Chapter 4, Training Models - wwbin2008/Handson_ml_demo-and-some-notes GitHub Wiki

  • regression, closed form solution using normal equation is slow(when training sample is large, O(n^3)), could use gradient descent.

  • batch/mini-batch/stochastic gradient descent

  • These learning curves are typical of an underfitting model. Both curves have reached a plateau; they are close and fairly high. If your model is underfitting the training data, adding more training examples will not help. You need to use a more complex model or come up with better features. (p.124)

    There is a gap between the curves. This means that the model performs significantly better on the training data than on the validation data, which is the hallmark of an overfitting model. However, if you used a much larger training set, the two curves would continue to get closer. (p.126)

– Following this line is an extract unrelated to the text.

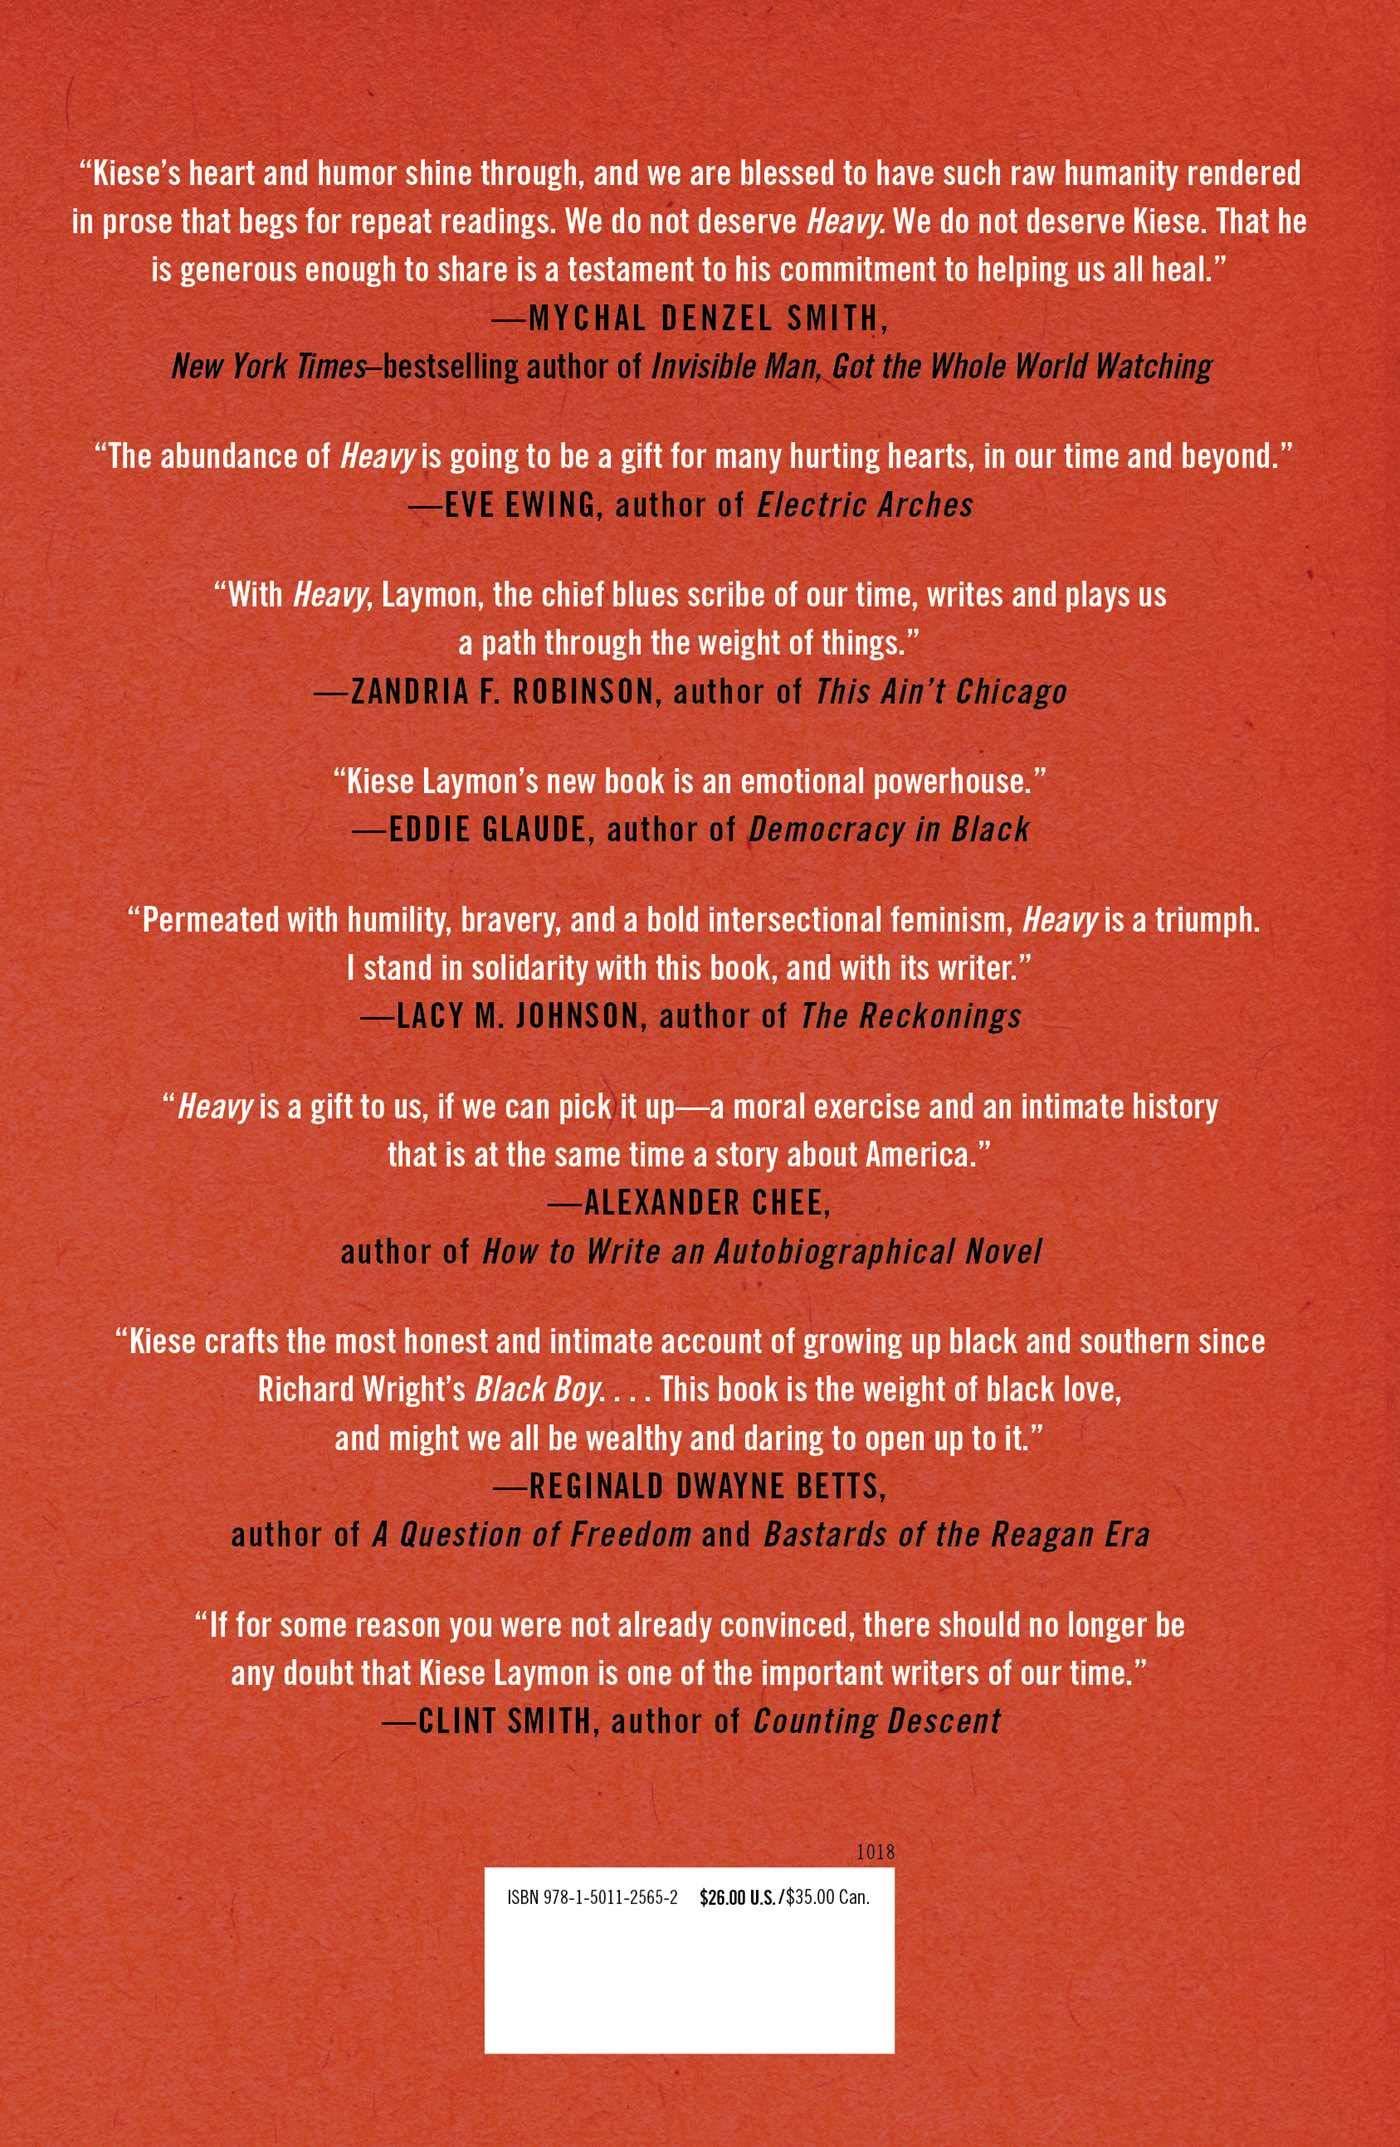 Amazon fr - Heavy: An American Memoir - Kiese Laymon - Livres
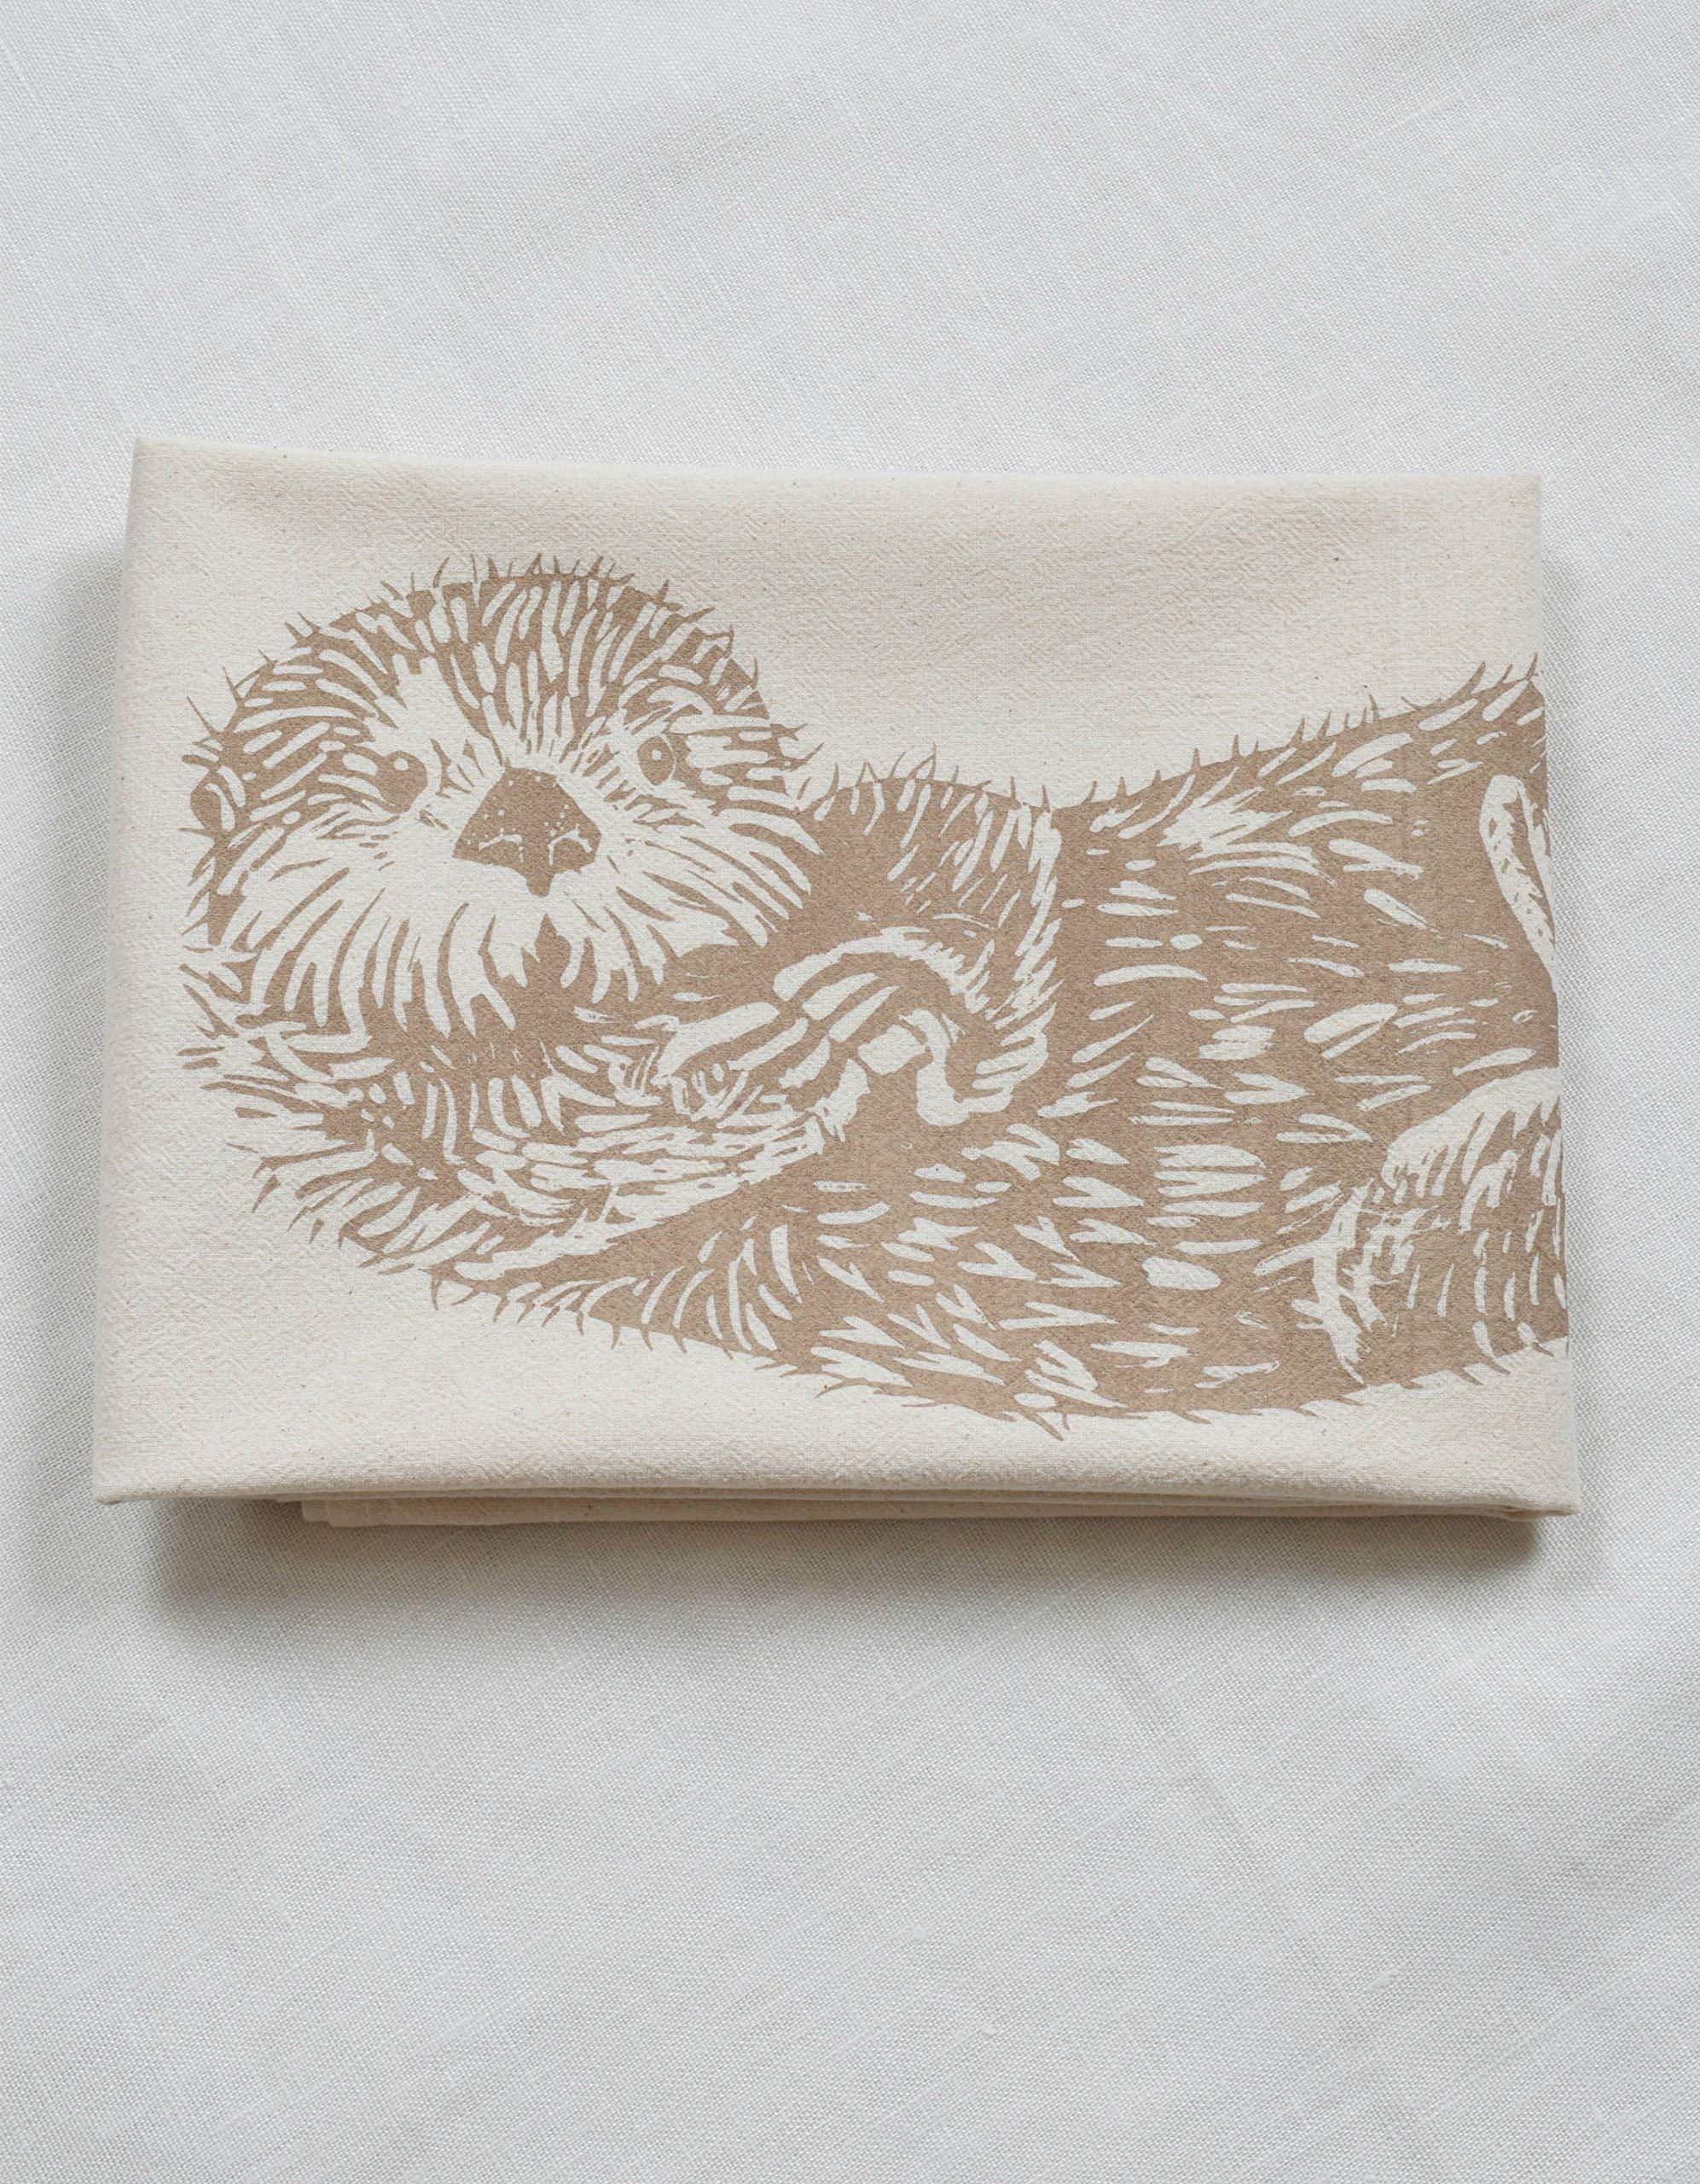 Otter Tea Towel - Organic Flour Sack Cotton - Animal Tea Towels - Cotton Dishcloth - Sea Otter Kitchen Towel

  • A very different way to regularize iterative learning algorithms such as Gradient Descent is to stop training as soon as the validation error reaches a minimum. This is called early stopping. As the epochs go by, the algorithm learns and its prediction error (RMSE) on the training set naturally goes down, and so does its prediction error on the validation set. However, after a while the validation error stops decreasing and actually starts to go back up. This indicates that the model has started to overfit the training data. With early stopping you just stop training as soon as the validation error reaches the minimum. It is such a simple and efficient regularization technique that Geoffrey Hinton called it a “beautiful free lunch.”